Jimmy Mason

Personal information
- Full name: James Mason
- Date of birth: 18 June 1919
- Place of birth: Glasgow, Scotland
- Date of death: 4 December 1971 (aged 52)
- Place of death: Prestwick, Scotland
- Height: 5 ft 7 in (1.70 m)
- Position(s): Inside forward

Youth career
- Mossvale YMCA

Senior career*
- Years: Team / Apps / (Gls)
- 1936–1952: Third Lanark / 207 / (34)

International career
- 1949–1951: Scotland / 7 / (4)
- 1948–1950: Scottish League XI / 7 / (0)

= Jimmy Mason (footballer, born 1919) =

Scottish footballer

James Mason (18 June 1919 – 4 December 1971) was a Scottish footballer, who played for Third Lanark and the Scotland national team.

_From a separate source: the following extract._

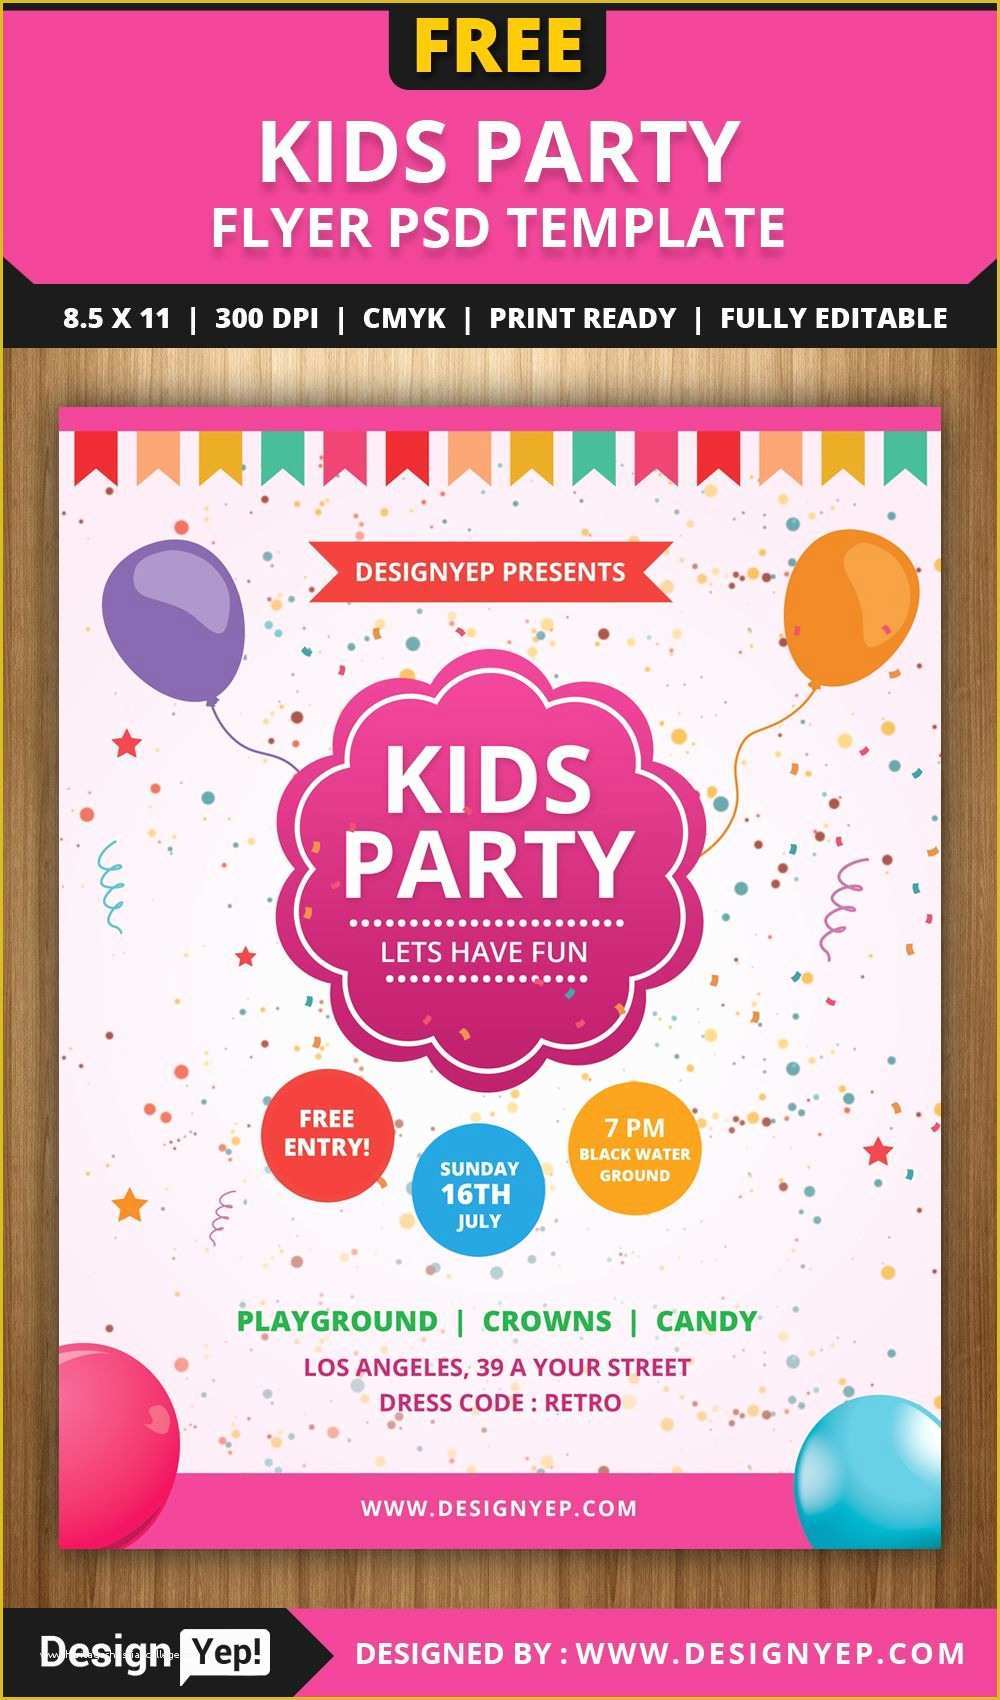 Free Brochure Templates for Students Of Free Kids Party Flyer Psd Template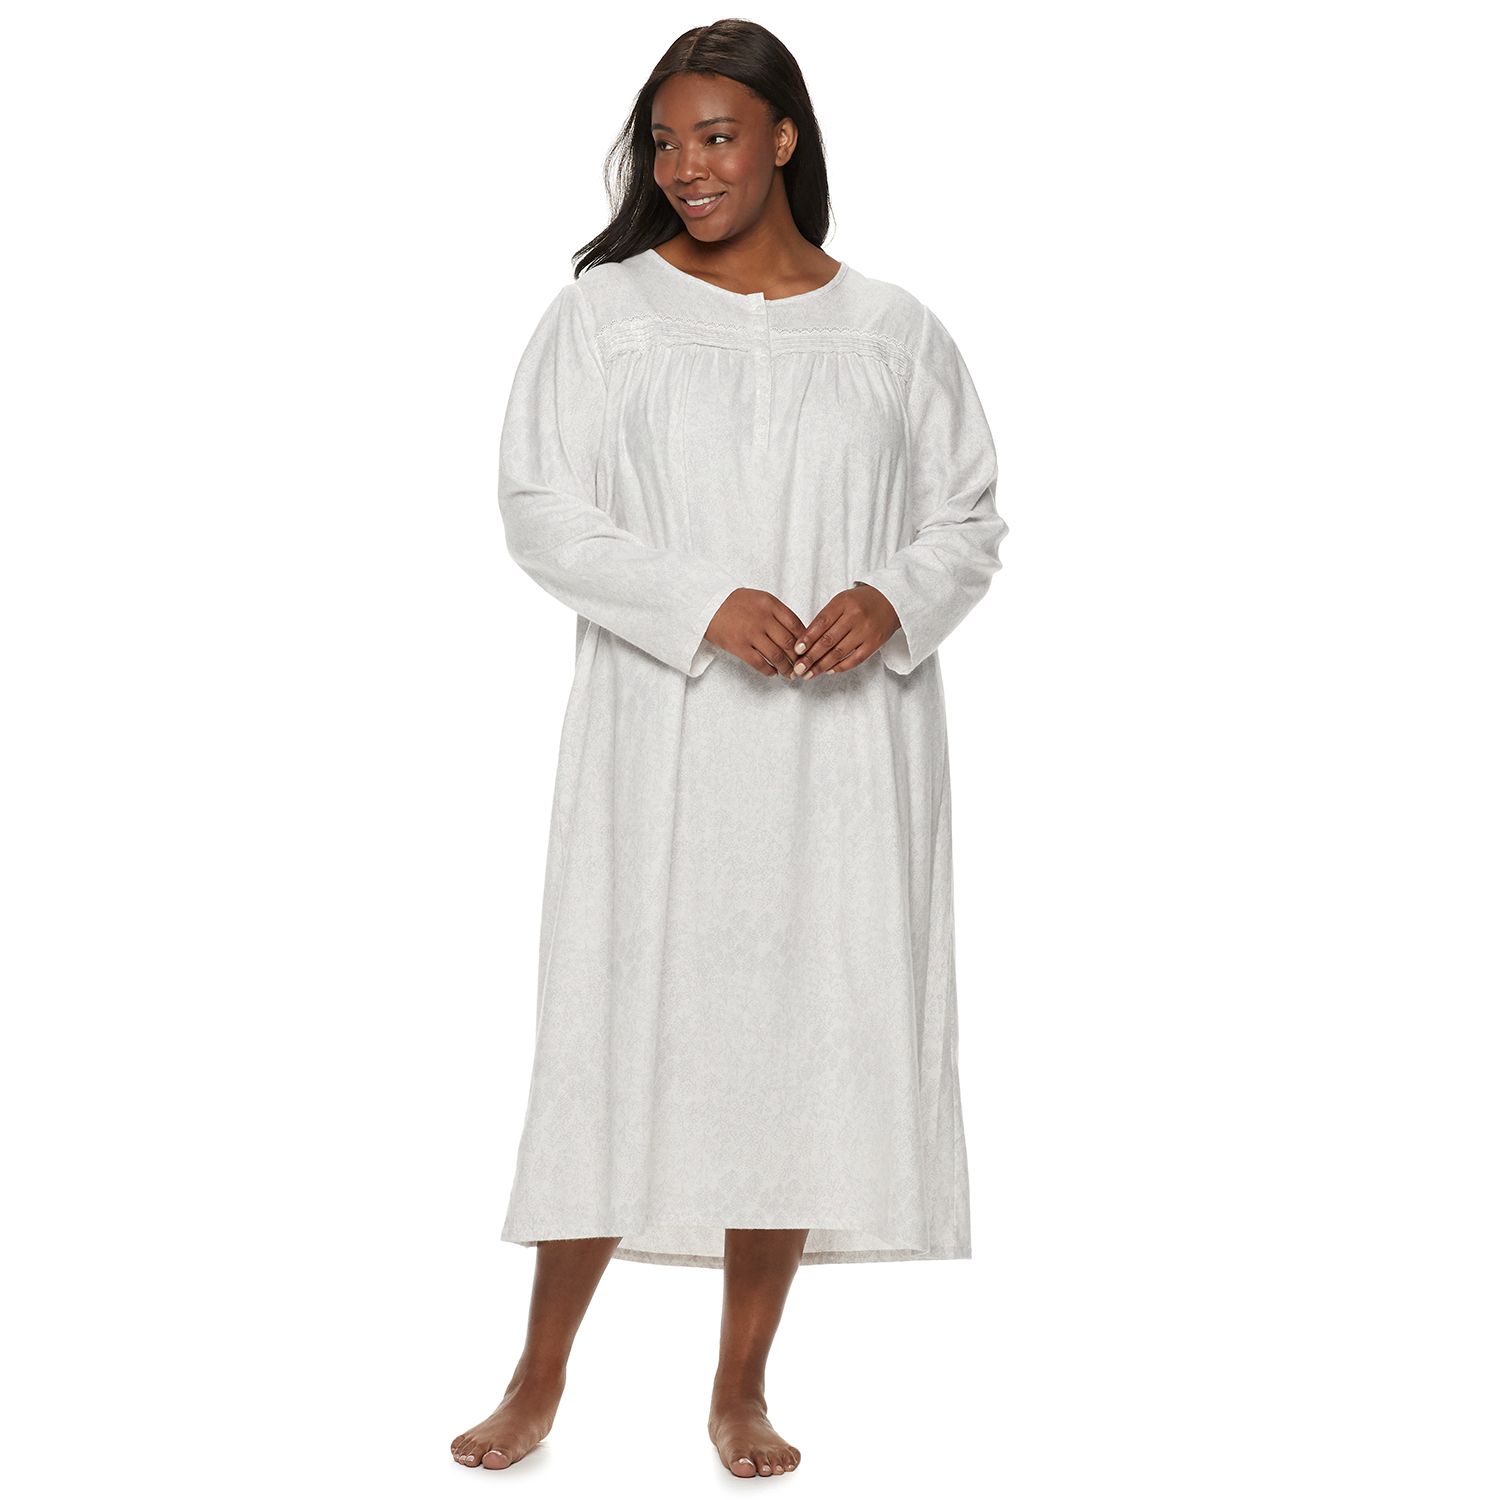 flannel nightgowns plus size

An inside forward raised in the Dennistoun area of Glasgow, Mason played for the now defunct Third Lanark between 1936 and 1952, where he earned selection for the Scottish League representative side on seven occasions. During the Second World War he "guested" for Charlton Athletic, Portsmouth and Brentford while stationed in southern England. He also won 7 caps for the Scotland national team, scoring 4 goals.

He received a testimonial match in 1953, in which a Scotland XI defeated Sunderland. After his retirement he became a publican in the Bridgeton district of Glasgow.